You'd think that by now the government would have gotten the message that homebuyers who lack down payments are poor credit risks, says Eric Falkenstein head of Falkenstein Financial Data.
Instead, the FHA continues to aggressively promote its 3.5 percent down mortgage loan program — and it still allows first-time homebuyers to use their $8,000 tax credit toward the down payment.
“A good realtor can apply the tax credit to last year’s taxes, making sure that the buyer actually gets the money right away, and the HUD is actually okay with using the $8K to make buying a home a no-money-down proposition,” Falkenstein writes at Falkenblog.com.
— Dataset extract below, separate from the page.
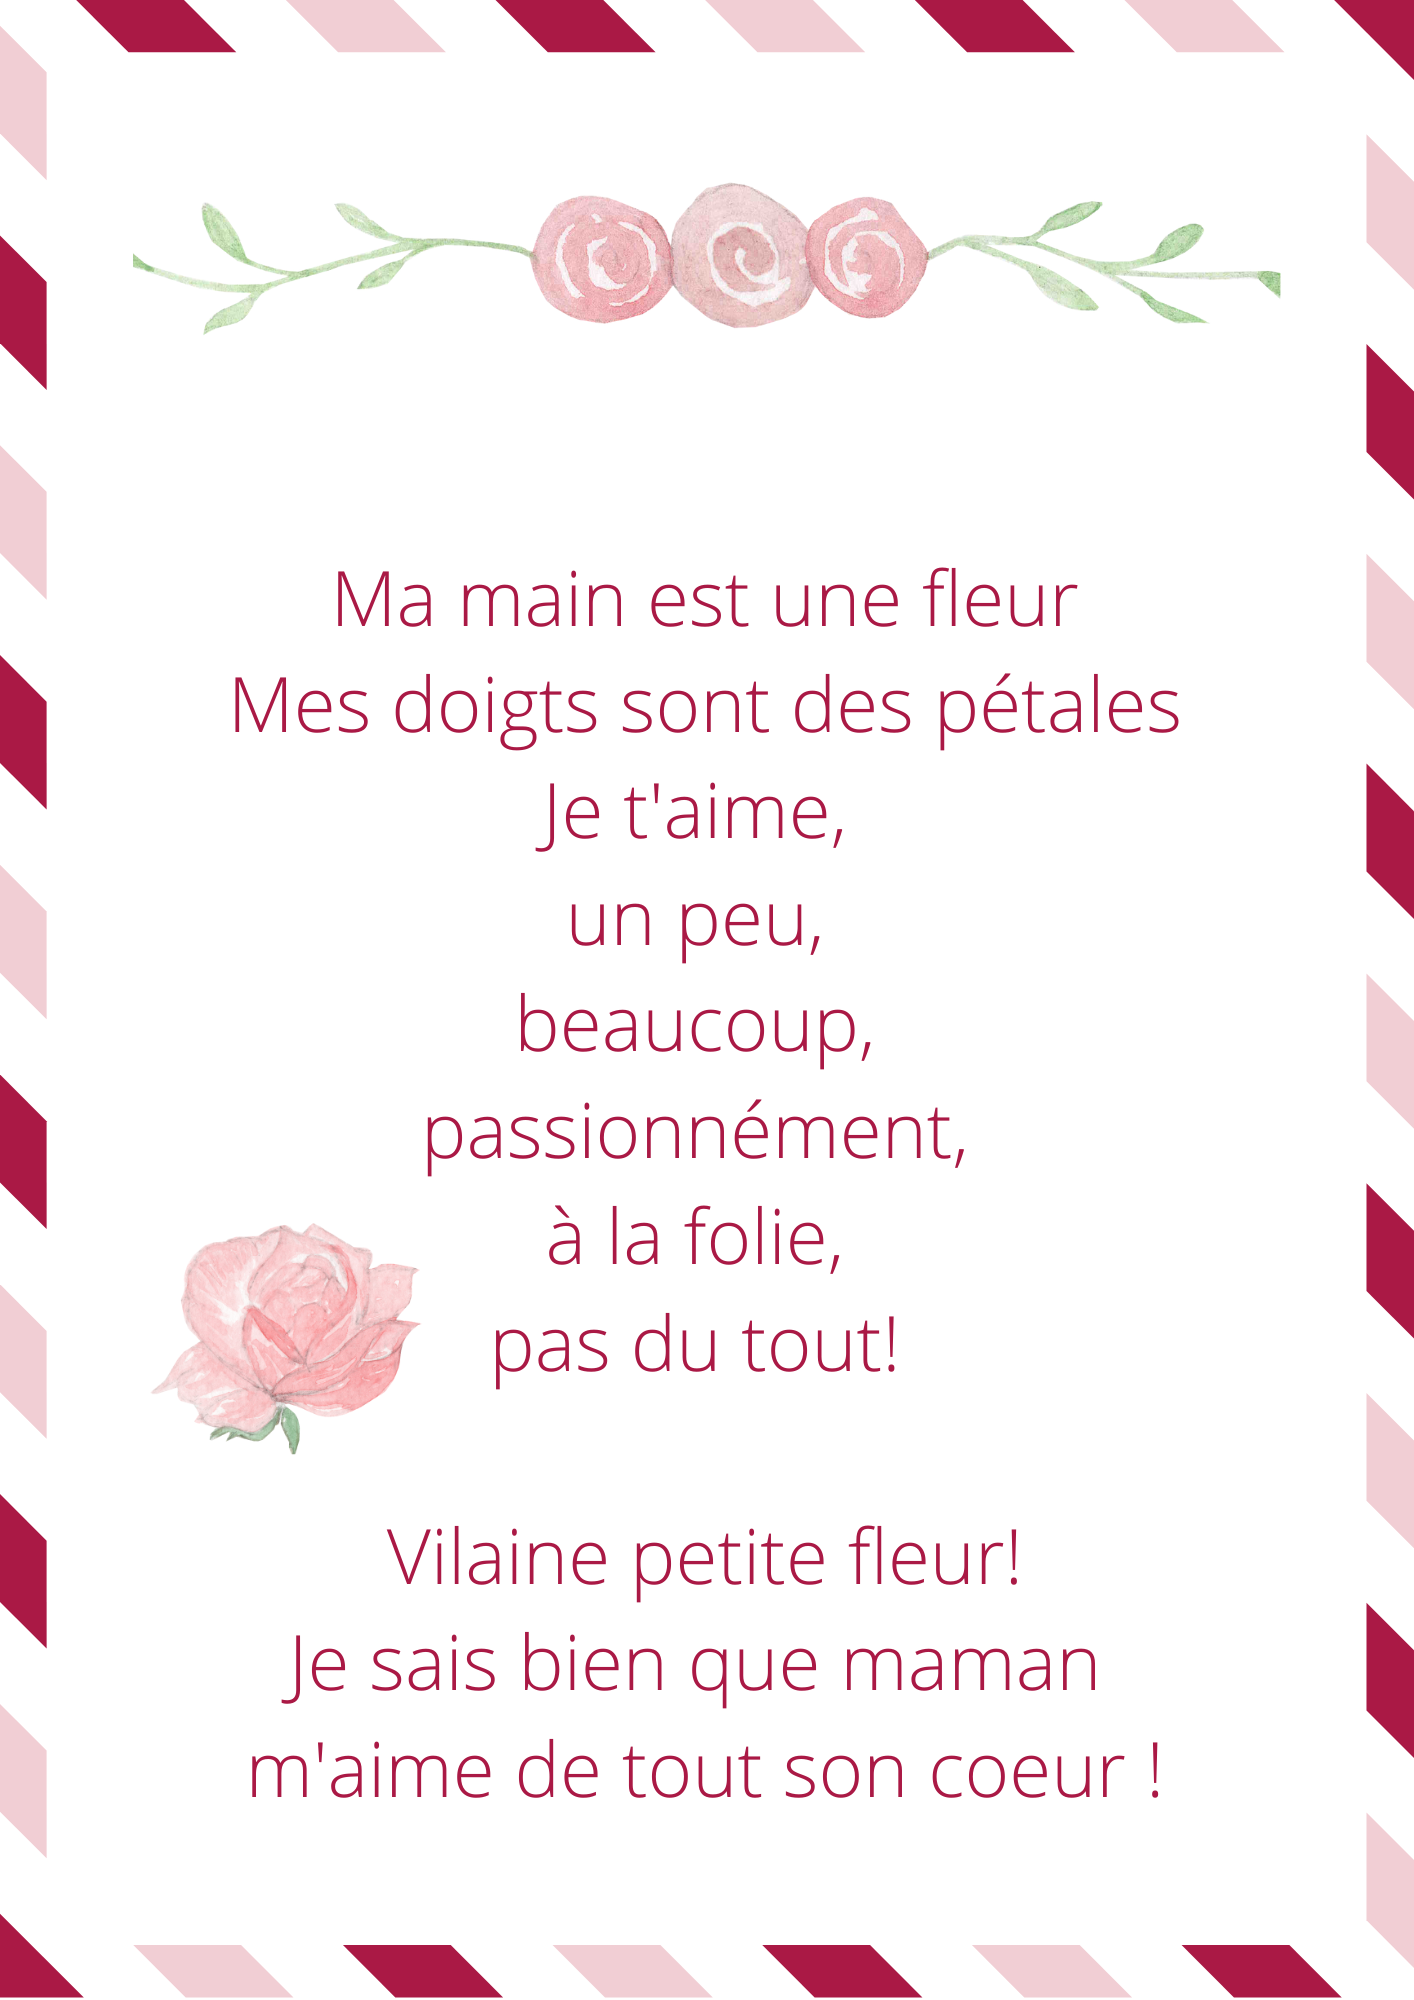 French poem for mother's day All about France and family traditions comptine fleur de ma main

“No private bank would lend in such a manner, but FHA wants to take the risk, because unlike the greedy bank, it sees the 'bigger picture', presumably,” he notes.
“Stupidity in the private sector actually loses people money, causing them to change their ways. For the government, it's just more incentive to double down.”
President Obama will soon sign into a law a bill that extends the credit for months more and expands it dramatically beyond first-time buyers.
The measure would let more people qualify for the credit, including some who already own homes and those with higher incomes: Homebuyers who have lived in their prior residence for at least five years could receive a credit of $6,500.
Couples earning as much as $225,000 a year and individuals earning up to $125,000 would qualify, up from the current $75,000 limit for individuals and $150,000 for couples.